Andalucía prepares for “earliest heat wave” since records began in Spain

The Aemet weather agency is forecasting unusually high temperatures throughout the region in the coming days, with four provinces already on alert for sweltering heat this Thursday

Almudena Nogués


Wednesday, 18 May 2022, 09:57


Keep an eye on the thermometers and prepare for some serious heat. Temperatures are going to rise in Andalucía from Thursday, reaching 38C in the provinces of Seville, Cordoba, Jáen and inland Granada. Malaga province will be a little cooler, but it will feel very humid, according to meteorologist José Luis Escudero on his SUR blog Tormentas y Rayos.

The Aemet weather agency says this could be the earliest heatwave in Spain since records began. Temperatures began to rise all over the country on Tuesday, and for today, Wednesday, spokespeson Rubén Del Campo says the hottest city in the region will be Cordoba, with a high of 38C. To give a comparison, further north in La Coruña and Asturias it will be between 20C and 22C.

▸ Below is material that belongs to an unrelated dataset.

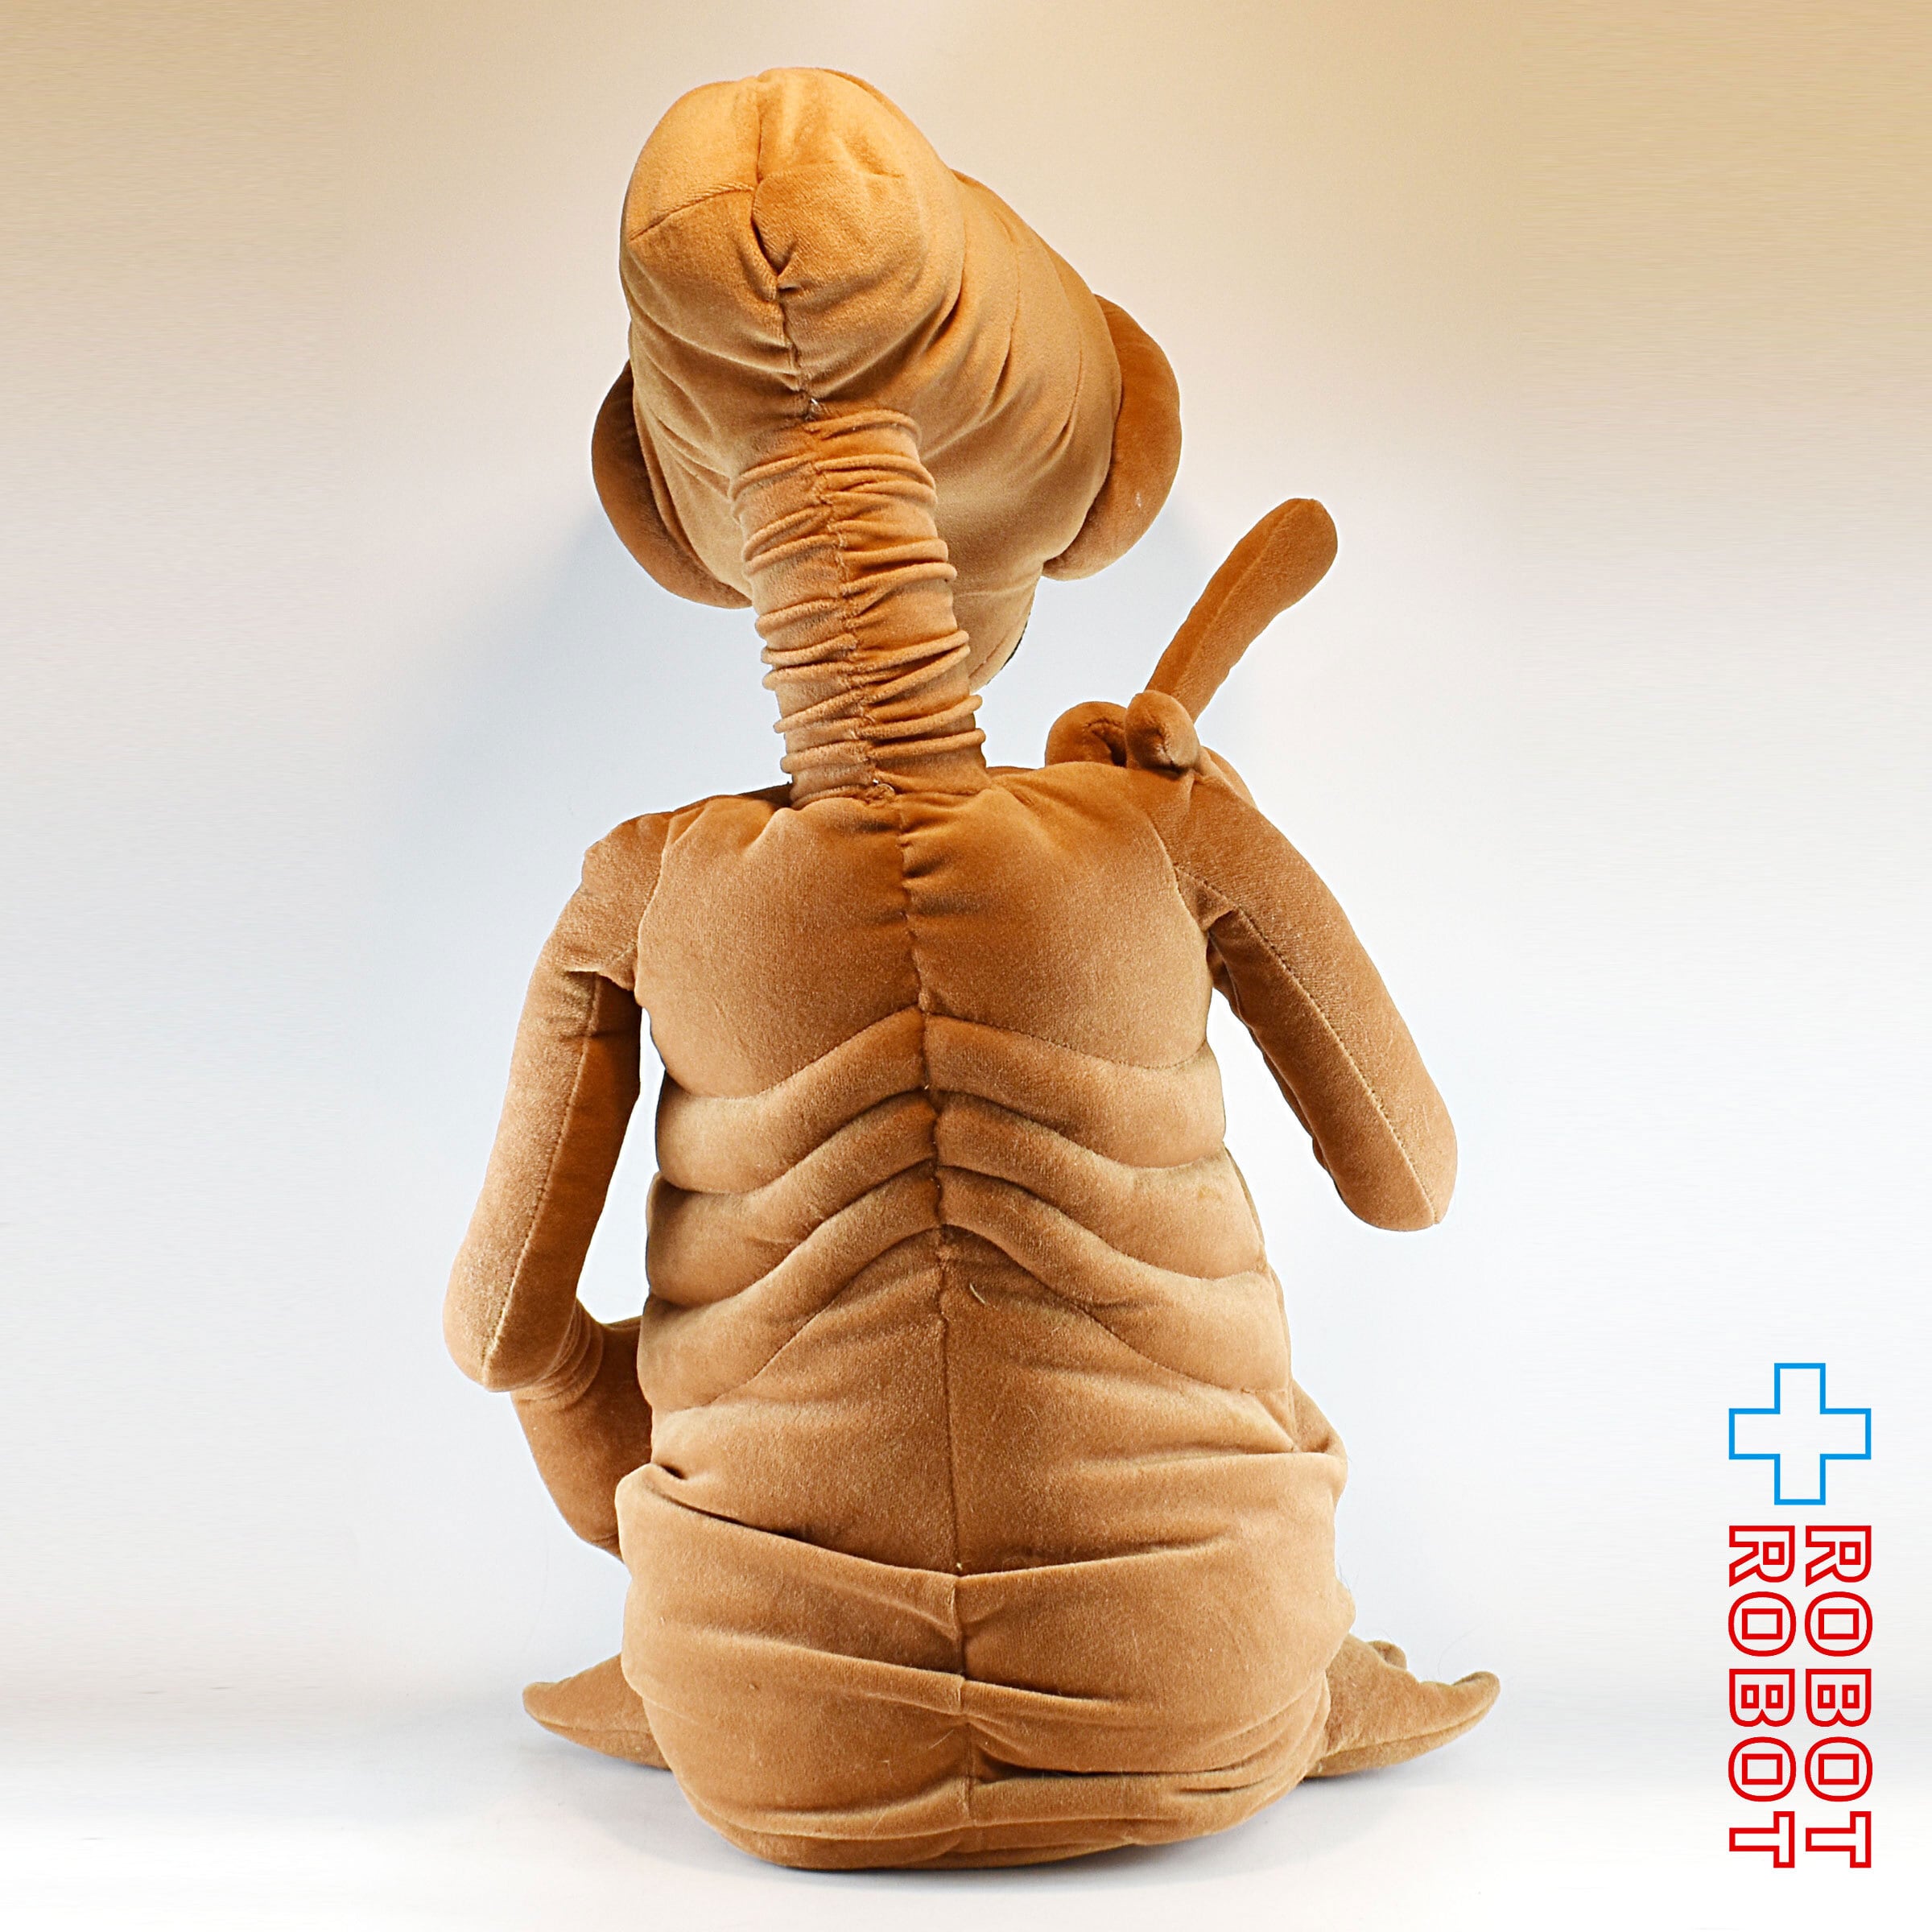 トイザらス E.T. 60センチ ぬいぐるみ人形 – ROBOTROBOT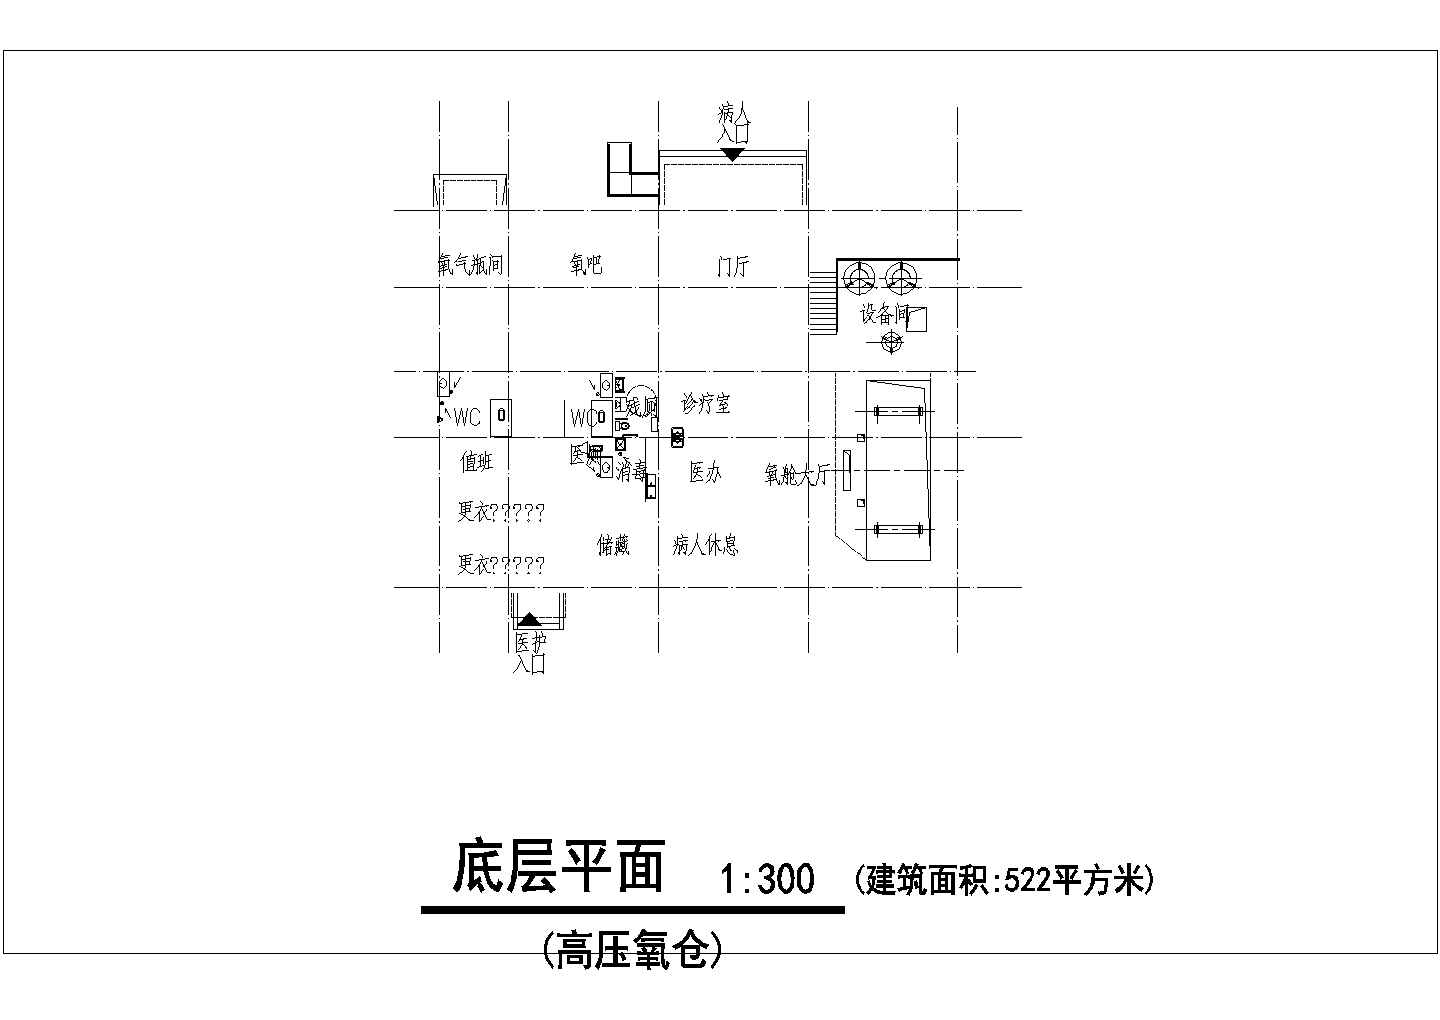 【苏州】某人民医院高压氧舱全套建筑扩初图(含屋顶平面图)

The first tropical nights will begin in the early hours of tomorrow morning in the Ebro and Guadalquivir valleys.

In Andalucía yellow weather warnings have been activated for high temperatures in the provinces of Seville, Córdoba, Jaén and inland areas of Granada on Thursday. Aemet is forecasting that Cordoba will see 40C, Seville and Granada 39C and Jaén 38 degrees.

In general, Rubén Del Campo says temperatures will be between five and ten degrees higher than normal in almost the whole of the country, and between ten and 15C higher than usual at this time of year in the centre of the pensinsula.

For the weekend, he says the forecast is still uncertain due to the presence of an area of low pressure in the west or south-west of the peninsula, and its position will depend on a greater or lesser projection of hot air. On Sunday temperatures could start to drop again in the west, although they will continue to rise along the Mediterranean.

What counts as a heatwave?

Although we are going to notice the difference, Del Campo says this is not a heatwave in the strict meteorological sense, because for that to happen three things have to coincide: the episode has to last for at least three days, affect at least ten per cent of the territory and the maximum temperatures have to be extremely high.

“We will have to wait till we have all the data to know whether it is a heat wave or not. If it is, it would be the first time there had been one in Spain in May,” he says. In the past, the earliest high temperatures were on 11 June 1981 and 13 June 2017.

Nevertheless, he warns that this week’s temperatures are “very unusual” for May. "It could be the most intense episode of heat in May in the past 20 years, anyway,” he says.